- Data to process:
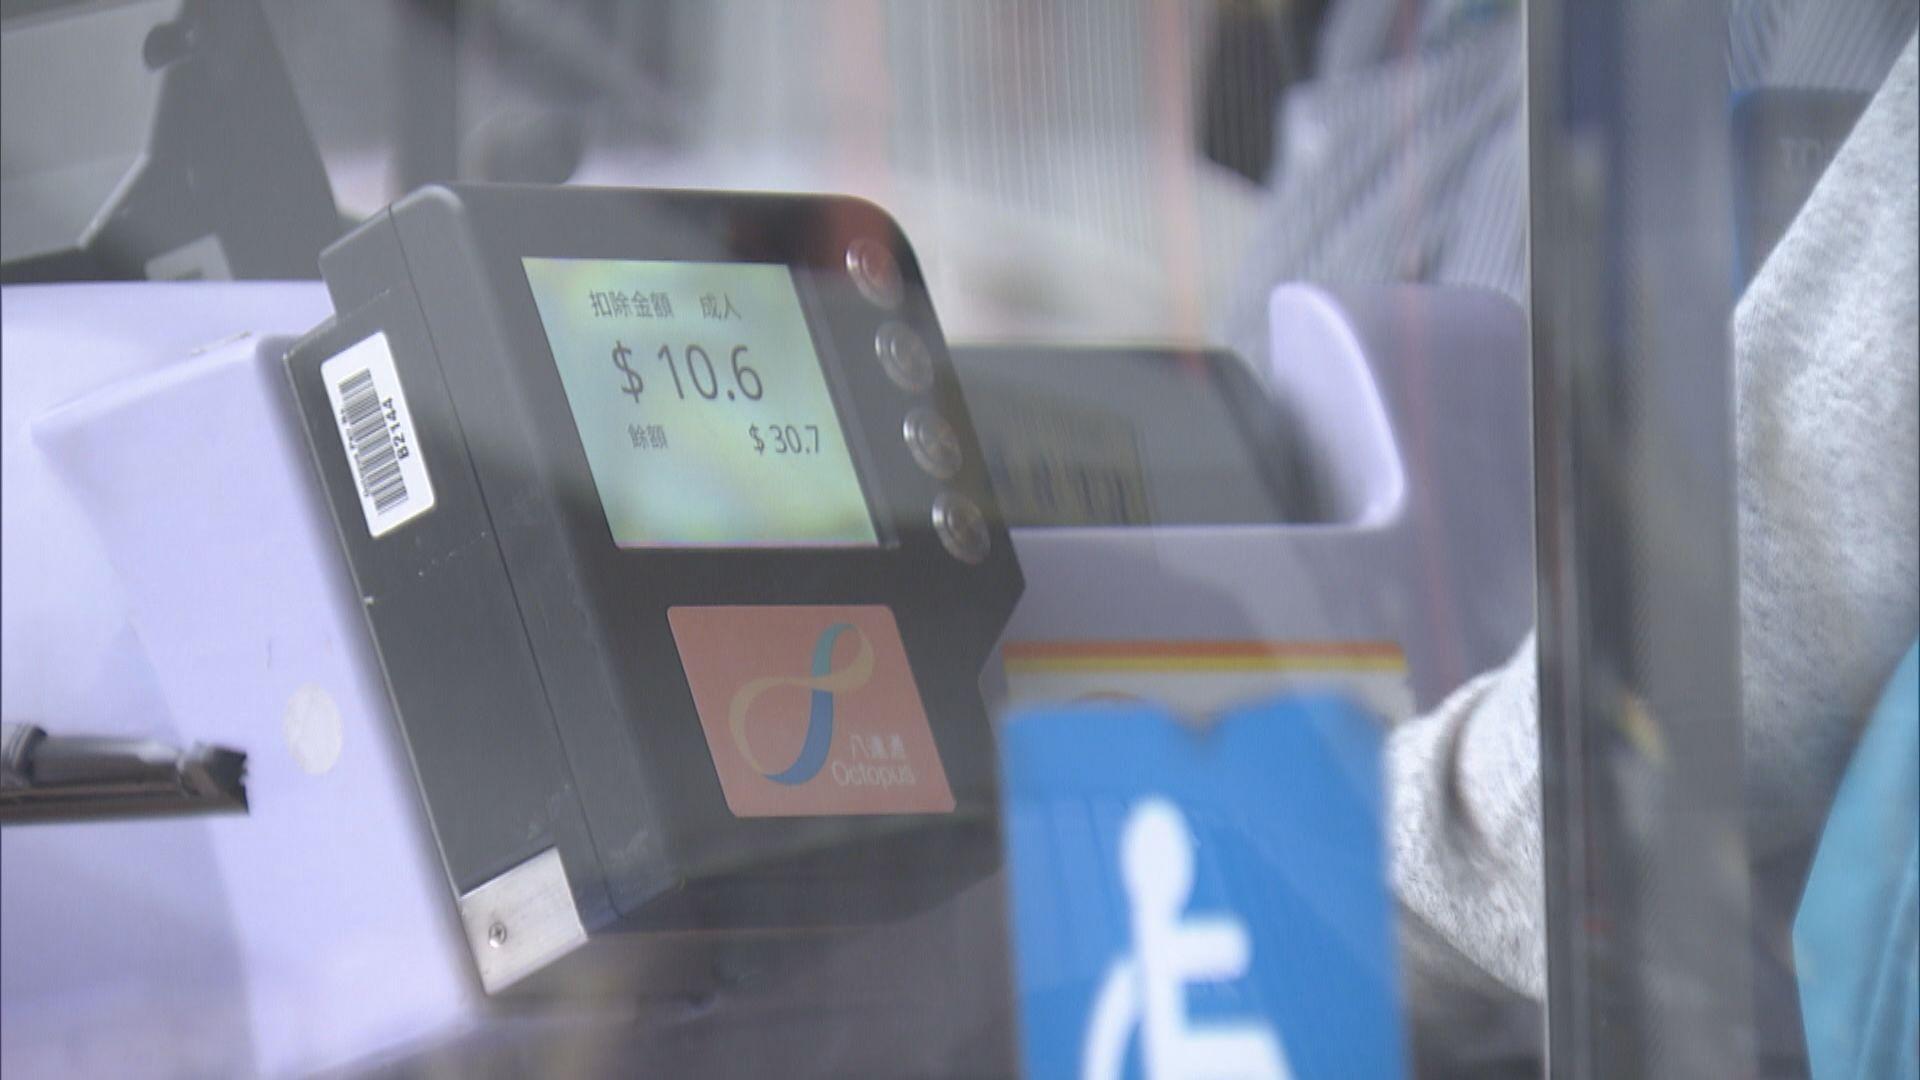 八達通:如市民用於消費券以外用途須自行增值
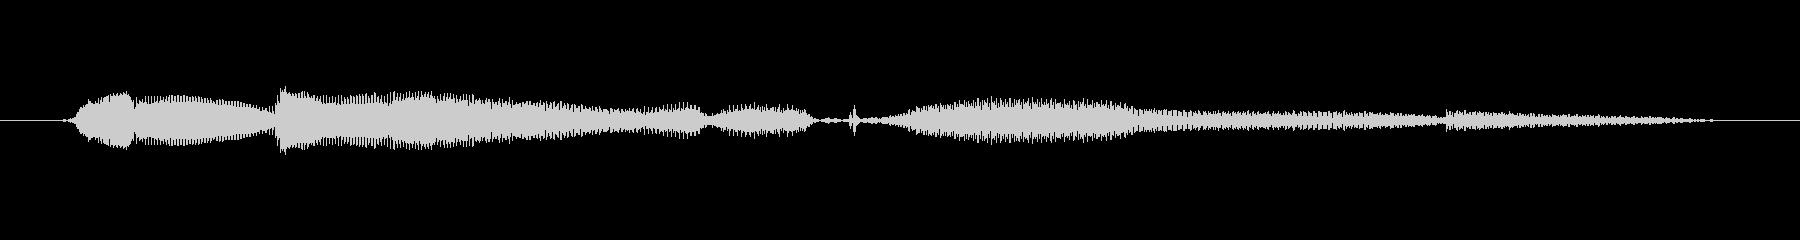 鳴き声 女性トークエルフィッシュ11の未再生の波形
==
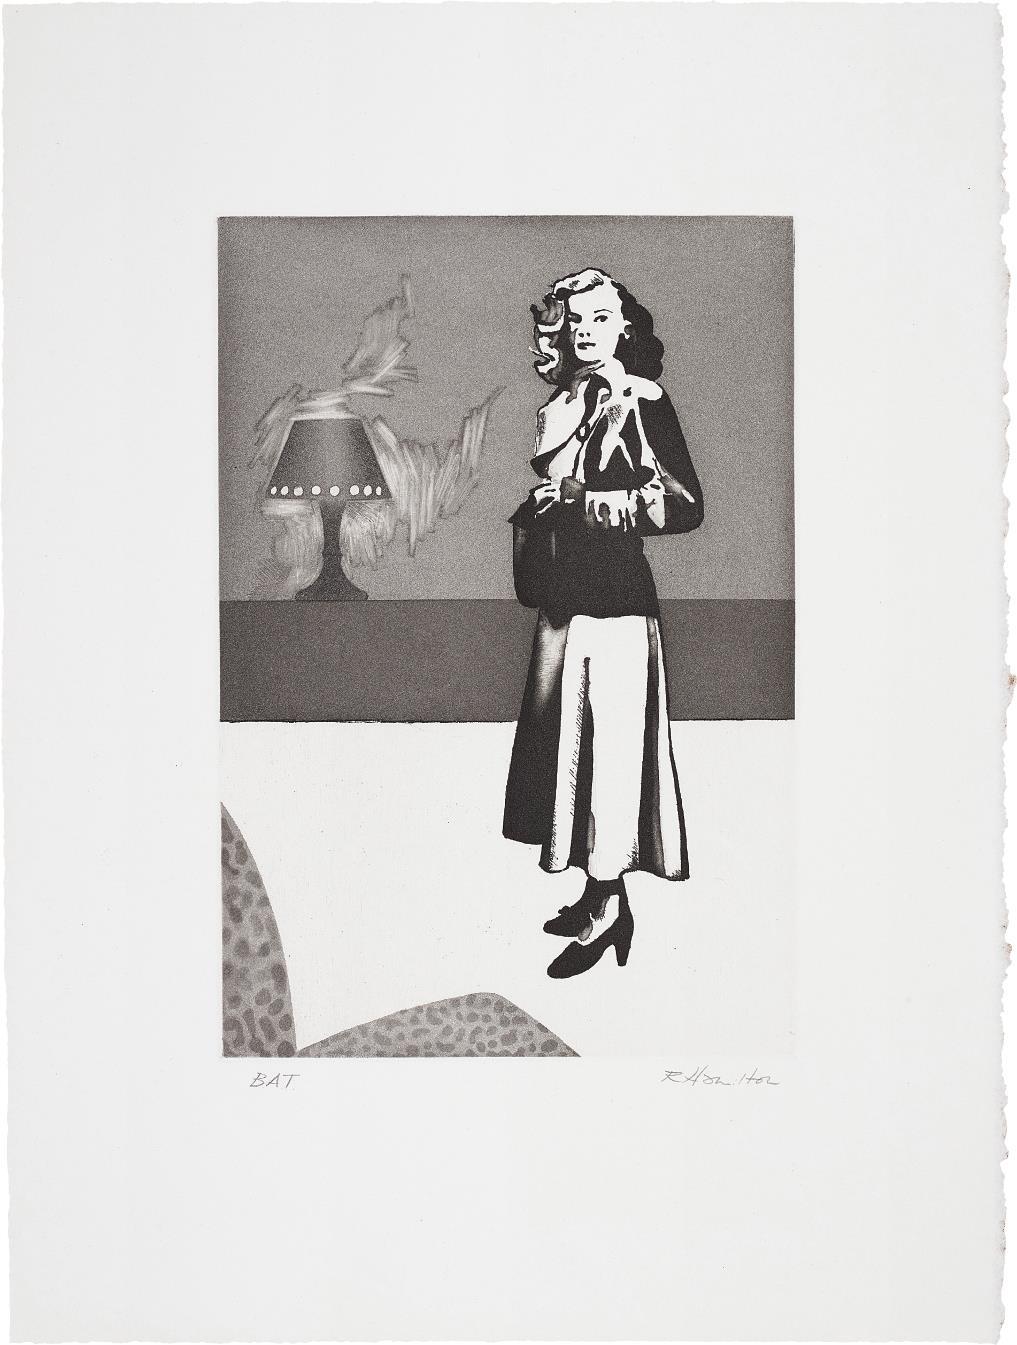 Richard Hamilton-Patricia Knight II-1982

- What to produce:
Reproduce exactly, with no pictures, the lines above from the one holding "八達通:如市民用於消費券以外用途須自行增值" to the one holding "鳴き声 女性トークエルフィッシュ11の未再生の波形", inclusive.

- Solution for this exercise:
 八達通:如市民用於消費券以外用途須自行增值
 鳴き声 女性トークエルフィッシュ11の未再生の波形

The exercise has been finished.